© Chet Hosmer 2018
Chet HosmerDefending IoT Infrastructures with the Raspberry Pihttps://doi.org/10.1007/978-1-4842-3700-7_1

1. IoT Vulnerabilities

Chet Hosmer1 
(1)
Longs, South Carolina, USA
 

The Internet of Things (IoT) is a network of processing devices with unique identities that can connect to and transfer data over a network without requiring direct human interaction (see Figure 1-1). In many cases this makes the devices themselves autonomous or semiautonomous. They can be controlled, managed, and programmed to follow specific rules of engagement.

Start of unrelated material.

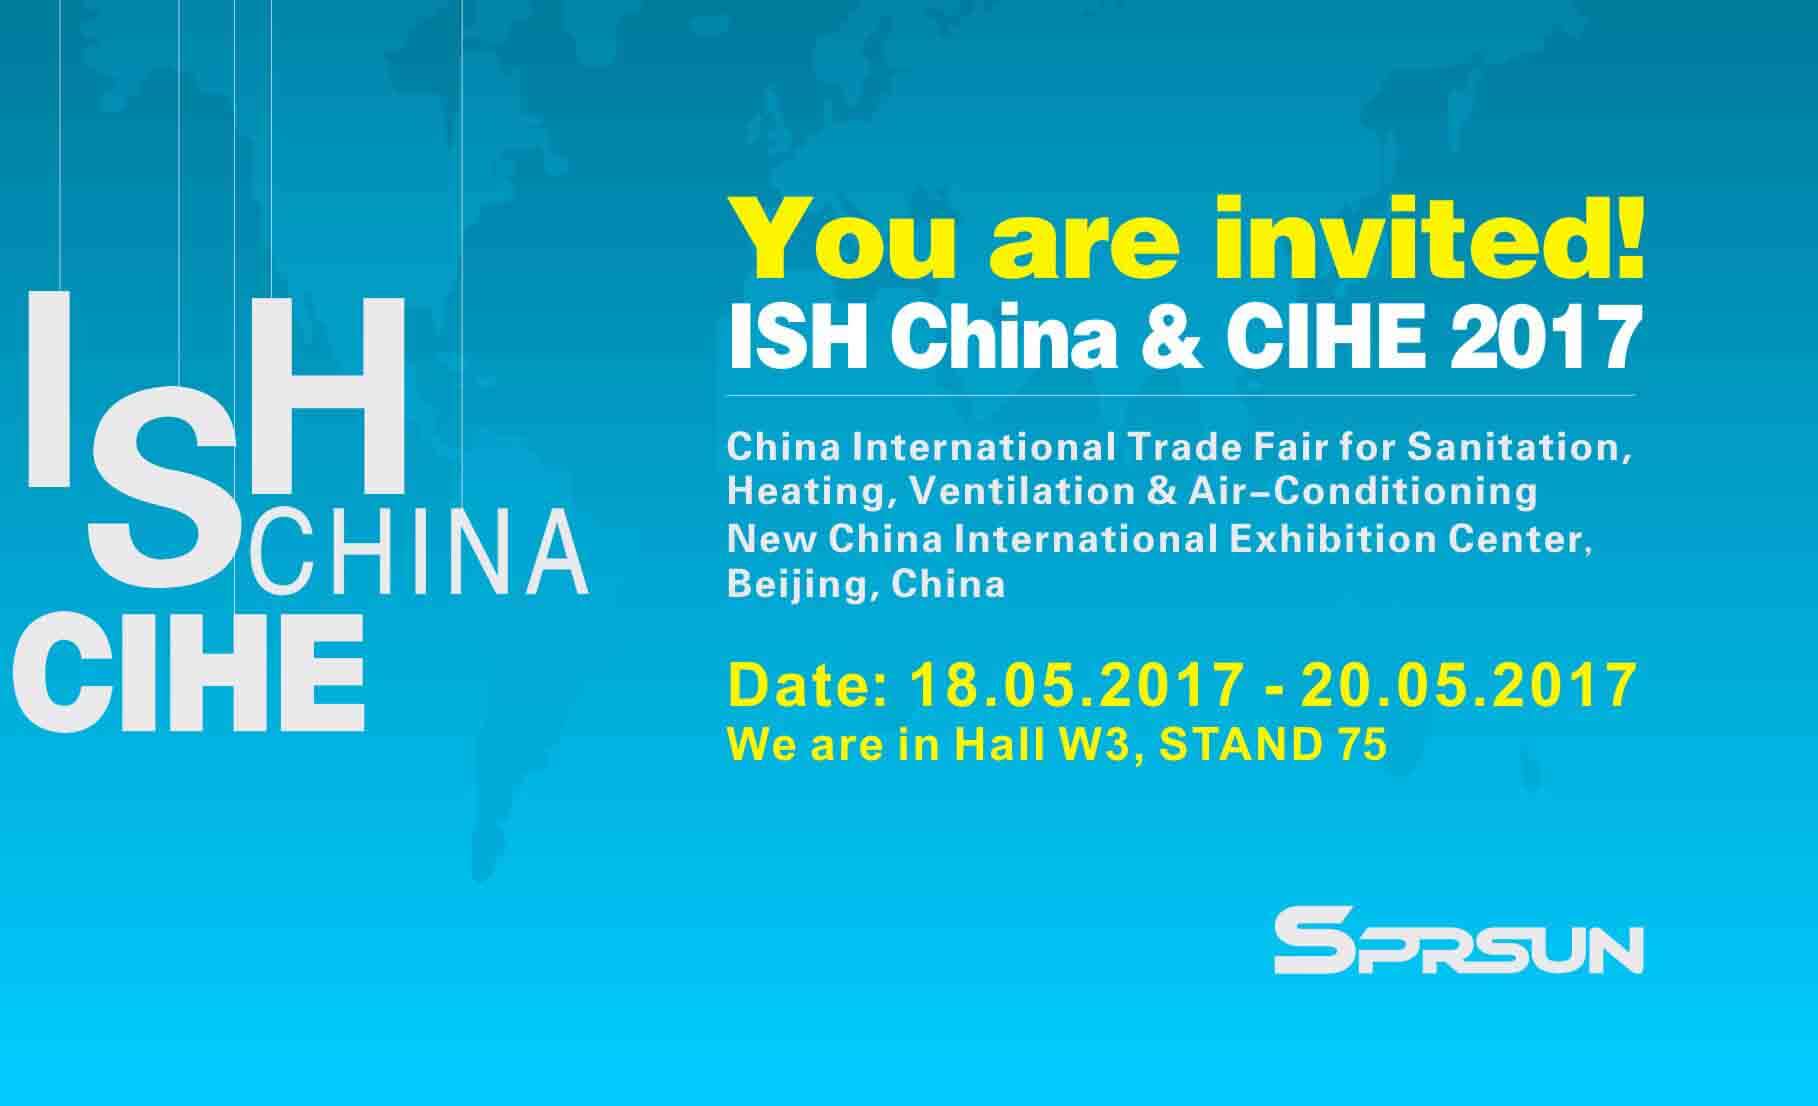 Internationale Handelsmesse in China findet vom 18. bis 20. Mai statt

The breadth of devices that currently exist as of this writing include the following:
  • Health and Fitness Monitoring

  • Manufacturing Systems

  • Energy Metering

  • Hospital and Patient Care

  • Smart Appliances and Lighting

  • Enhanced Surveillance Systems

  • Entertainment

  • Home Automation and Security

  • Multifunction Wearable Technologies

  • Automotive

  • Tracking Systems

  • Personal Communications

  • Along with new categories emerging every day

../images/448940_1_En_1_Chapter/448940_1_En_1_Fig1_HTML.jpg
Figure 1-1

IoT interconnected

Note

The focus of this book and the accompanying source code is to observe, learn, model, and detect aberrant behavior of IoT devices using the Raspberry Pi as a sensor.

Why Is IoT Vulnerable?

When considering vulnerabilities of IoT devices and networks, we must first define the overall attack surface. If you believe Gartner’s prediction (Gartner Research, 2017) that 25.1 billion IoT endpoints will exist by the year 20211, then this would certainly define a large attack surface. Many of these devices are also interconnected and operating across boundaries of consumers, business, industry, and government, without geographic restrictions.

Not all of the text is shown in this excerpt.